In their earlier stages the termites proceed with such energetic rapidity, that I have seen a pinnacle of moist clay, six inches in height and twice as large in diameter, constructed underneath a table between sitting down to dinner and the removal of the cloth.

As these lofty mounds of earth have all been carried up from beneath the surface, a cave of corresponding dimensions is necessarily scooped out below, and here, under the multitude of cupolas and pinnacles which canopy it above, the termites hollow out the royal chamber for their queen, with spacious nurseries surrounding it on all sides. Store-rooms and magazines occupy the lower apartments, and all are connected by arched galleries, long passages, and doorways of the most intricate and elaborate construction. In the centre and underneath the spacious dome is the recess for the queen—a hideous creature, with the head and thorax of an ordinary termite, but a body swollen to a hundred times its usual and proportionate bulk, and presenting the appearance of a mass of shapeless pulp.
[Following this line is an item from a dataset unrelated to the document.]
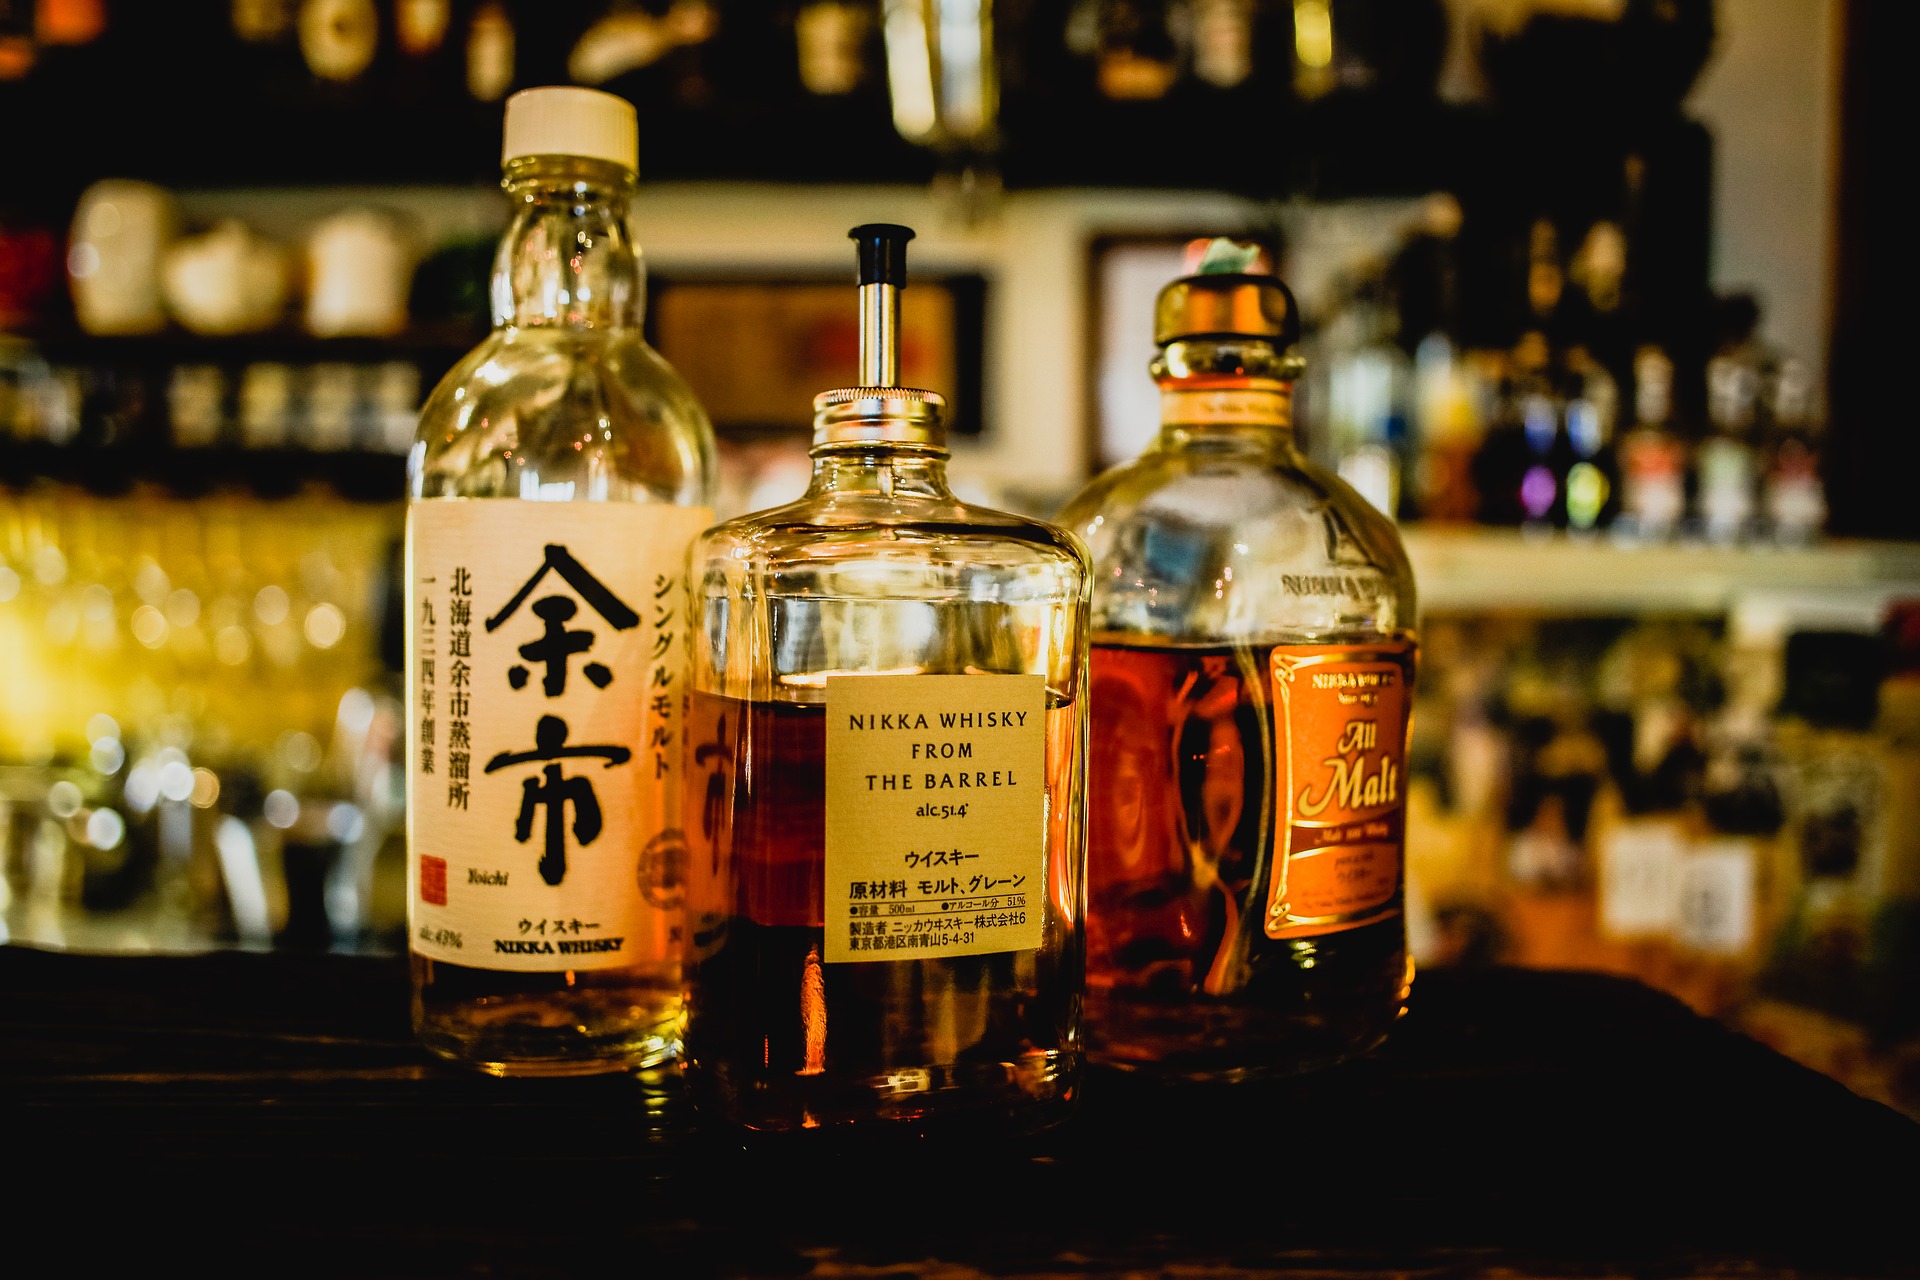 Selection of fine Japanese Whiskies

From this great progenitrix proceed the myriads which people the subterranean hive, consisting, like the communities of the genuine ants, of labourers and soldiers, which are destined never to acquire a fuller development than that of larvas, and the perfect insects which in due time become invested with wings and take their departing flight from the cave. But their new equipment seems only destined to facilitate their dispersion from the parent nest, which takes place at dusk; and almost as quickly as they leave it they divest themselves of their ineffectual wings, waving them impatiently and twisting them in every direction till they become detached and drop off, and the swarm, within a few hours of their emancipation, become a prey to the night-jars and bats, which are instantly attracted to them as they issue in a cloud from the ground. I am not prepared to say that the other insectivorous birds would not gladly make a meal of the termites, but, seeing that in Ceylon their numbers are chiefly kept in check by the crepuscular birds, it is observable, at least as a coincidence, that the dispersion of the swarm generally takes place at twilight. Those that escape the caprimulgi lose their wings before morning, and are then disposed of by the crows.

The strange peculiarity of the omnivorous ravages of the white ants is that they shrink from the light, in all their expeditions for providing food they construct a covered pathway of moistened clay, and their galleries above ground extend to an incredible distance from the central nest. No timber, except ebony and ironwood, which are too hard, and those which are strongly impregnated with camphor or aromatic oils, which they dislike, presents any obstacle to their ingress. I have had a case of wine filled, in the course of two days, with almost solid clay, and only discovered the presence of the white ants by the bursting of the corks. I have had a portmanteau in my tent so peopled with them in the course of a single night that the contents were found worthless in the morning. In an incredibly short time a detachment of these pests will destroy a press full of records, reducing the paper to fragments; and a shelf of books will be tunnelled into a gallery if it happen to be in their line of march.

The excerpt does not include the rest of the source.